Rep. Wendy McKamey is obviously on the right track when she urges Congress, in today’s Missoulian, to address the critical backlog of deferred maintenance in the nation’s national parks. And folks down the Bitterroot are right to be alarmed by the President’s intention, in the budget he sent to Congress yesterday, to zero out an EPA program which restores degraded waterways and improves water quality. But as critical as these efforts are, the arguments that McKamey and the Bitterrooters are making for them are really pretty perverse. For McKamey, the “silver lining” in the enormous task of restoring national parks is that it will create jobs - lots of jobs. For clean water advocates and activists in the Bitterroot, it’s the flow of dollars to contractors who repair roads that are sloughing off into creeks, or the nurseries that provide the plant stock for revegetating stream banks.
Now those are obviously good things. Construction workers need jobs, contractors need contracts, and nurseries need to sell plants. But in the final analysis, what the argument boils down to is this: these programs are a good thing because they will cost a lot. The implication is that if we could somehow contrive to maintain parks and rivers without creating jobs or letting contracts or buying supplies, that is, without cost, these programs would be less worthwhile.
What’s going on here is, of course, nothing new and it would be unfair to suggest that McKamey or the water advocates invented this fallacy. On the contrary, it’s standard operating procedure, when making decisions about the use of public resources, to choose the use that has the greatest economic impact. It’s far more politically astute and makes you sound far more hard headed and fiscally prudent to defend expensive programs because they will create jobs and sales, than to claim that they will have ephemeral benefits like historical preservation or access to wildlife viewing or healthier riparian habitat.
But advocating for a public program because it has a fat economic footprint can take you down a blind alley. There are a lot of environmental activists in Montana, for example, who argue that our stake in combatting climate change is the damage that will otherwise be done to our outdoor, agricultural and tourism economies. Obviously, they know that there is much, much more a stake than the jobs of fishing guides or motel workers or farmers, but it’s those jobs that they hope will get the attention of legislators and editorial writers. But walk down that alley and anyone can follow you. Once jobs become the only thing that counts, the loss of jobs for coal miners or oil rig workers becomes a perfectly plausible and appropriate reason for opposing any effort to arrest climate change.
Indeed, if we’re going to arrest climate change, what’s to stop us from worrying about the loss of jobs for the construction workers who will move Miami to higher ground if sea levels keep on rising? That may sound crazy, but isn’t it something like what McKamey is implying? One of the “benefits” of neglecting maintenance and letting our national parks go to rack and ruin is the jobs that will be created cleaning the mess up!
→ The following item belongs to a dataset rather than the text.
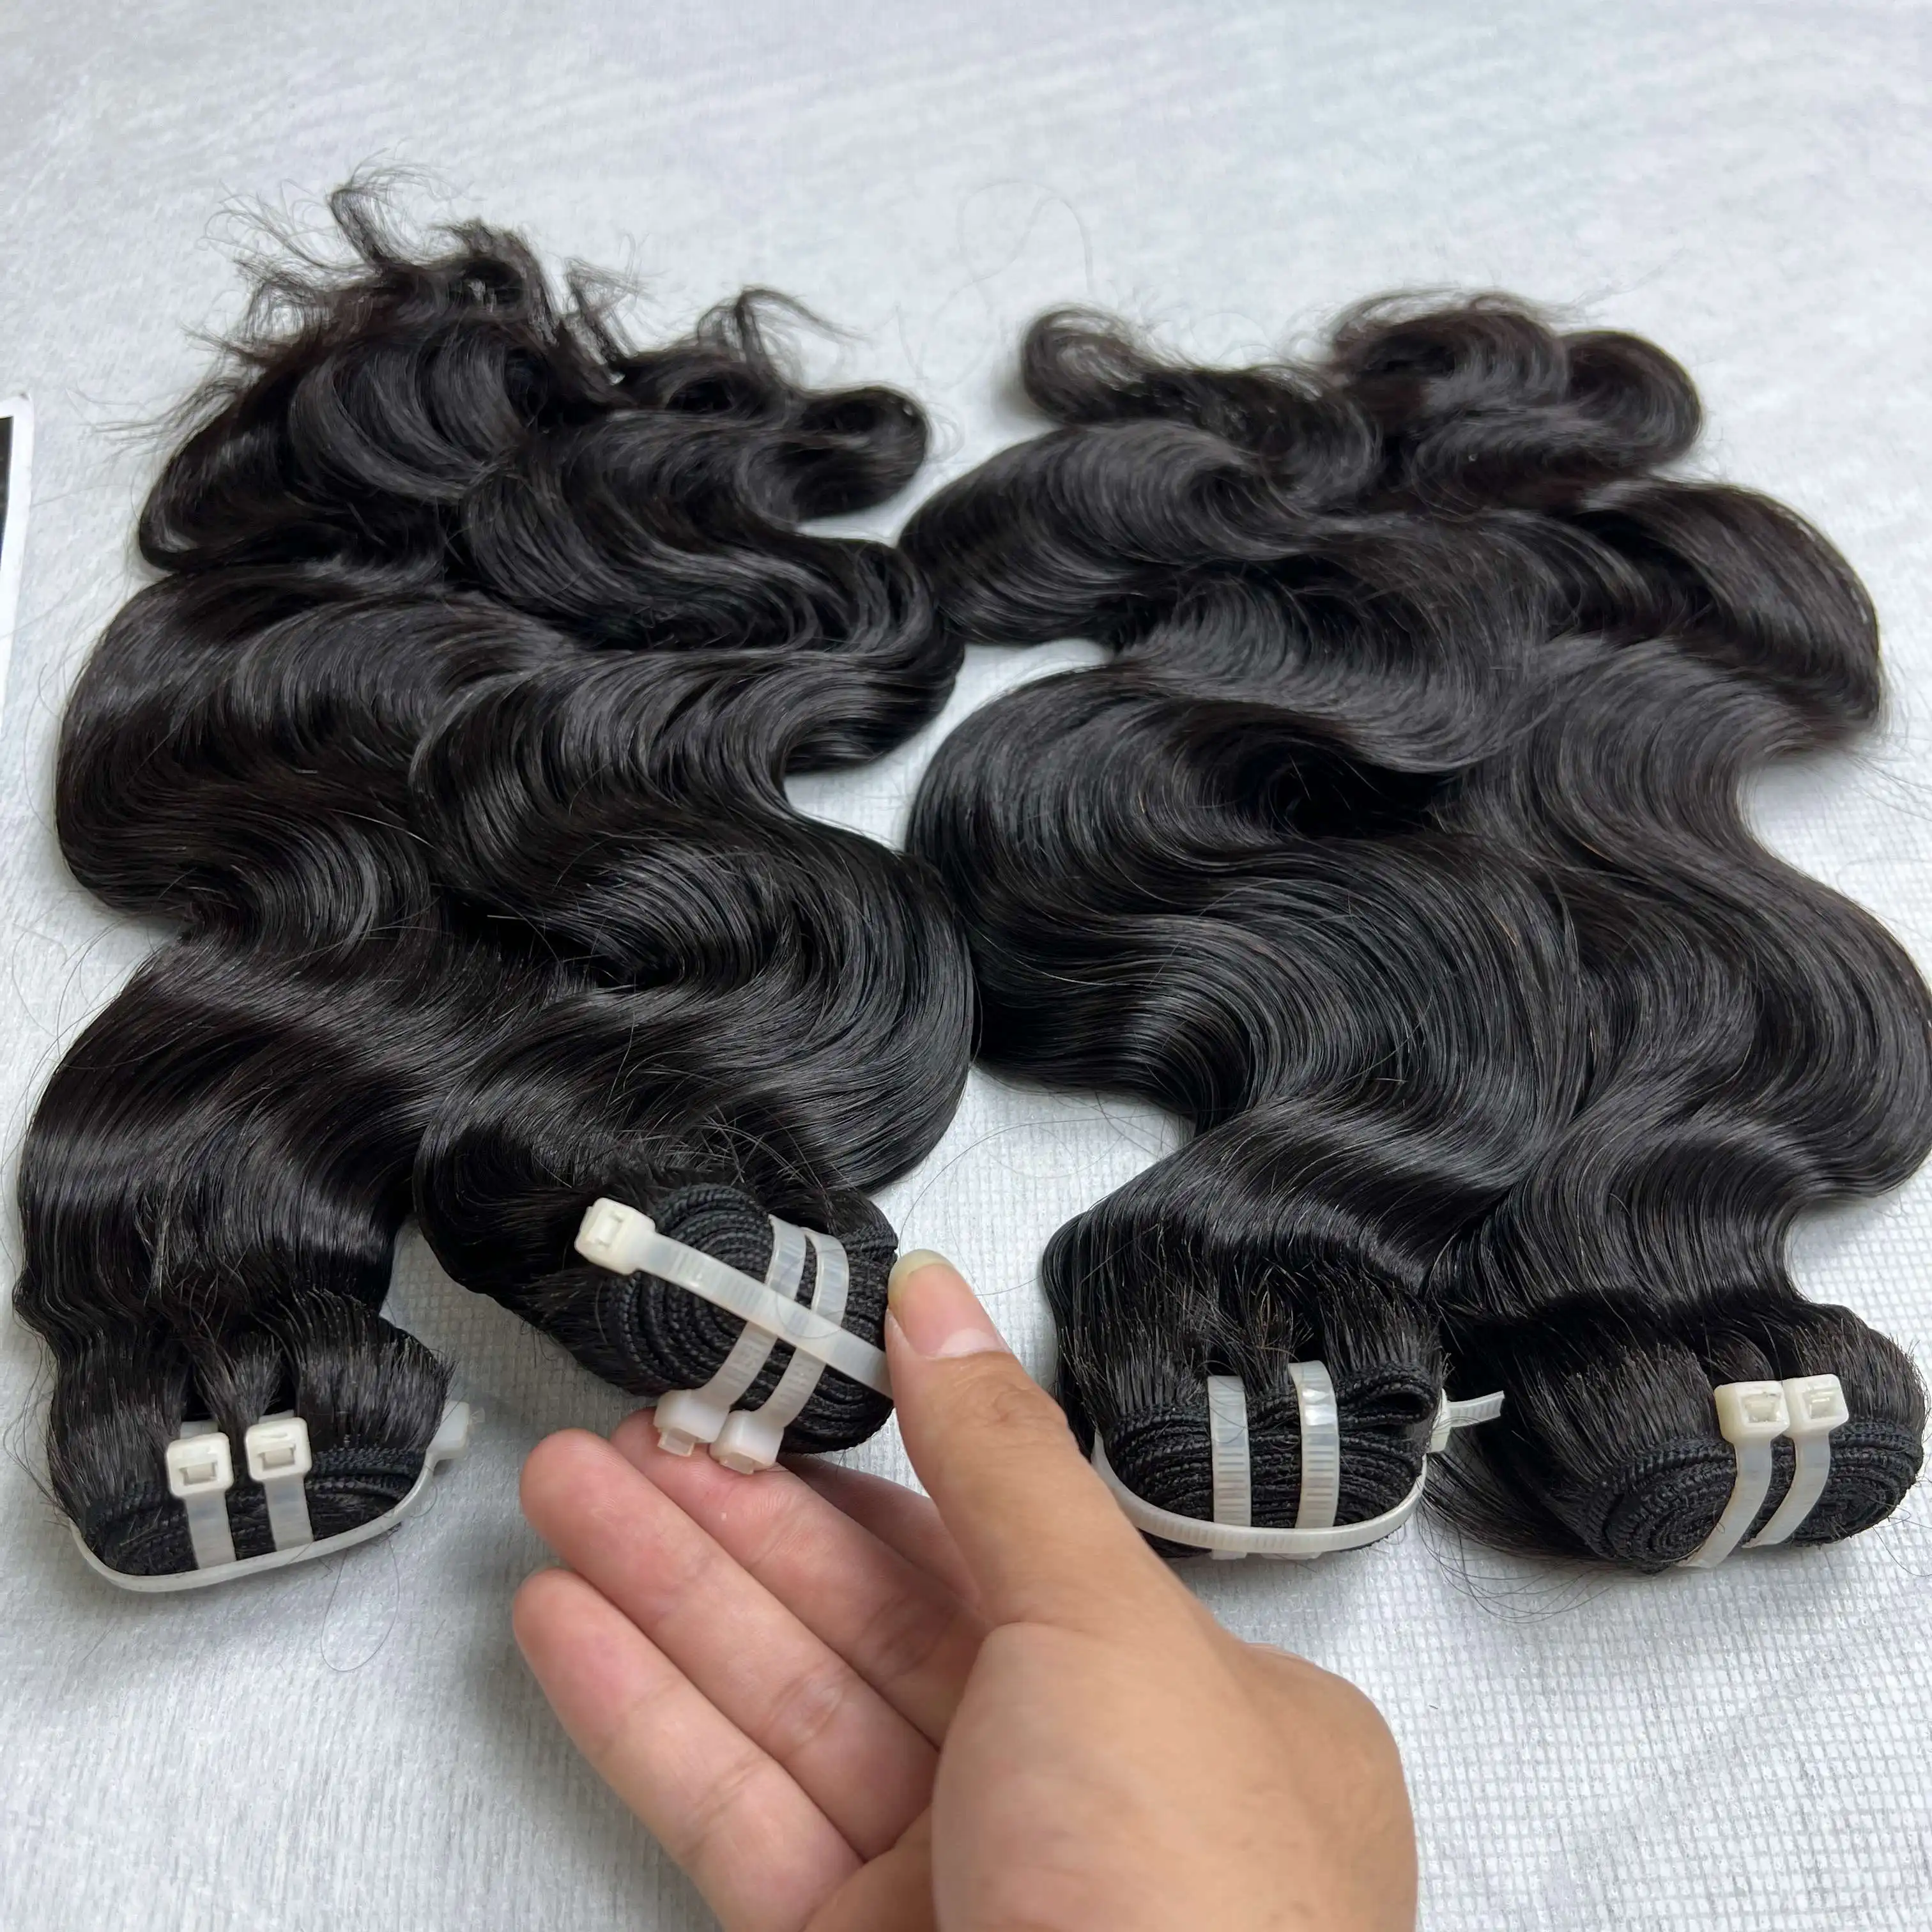 Büyük indirim sıcak anlaşma 100% doğal saç vücut dalga 22 inç toptan fiyat vietnamca fabrika bulutlu saç koleksiyonu

What gets lost in this obsession with jobs is the fact that what both McKamey and the Bitterroot water folks are really talking about is the provision and maintenance of infrastructure. Not in tthe limited sense of bridges or roads or airports, but in the expansive sense of the stock of created and natural public capital. It’s stuff that contributes to our wellbeing just like bridges and roads do, and it needs to be attended to for that reason. But it’s not being attended to; it’s being abandoned, at least by the President. And he’s abandoning it at a time when he says, not very convincingly, that he wants to rebuild the national infrastructure.
Ah well, looking for consistency in the intentions of Donald Trump, now that is a job.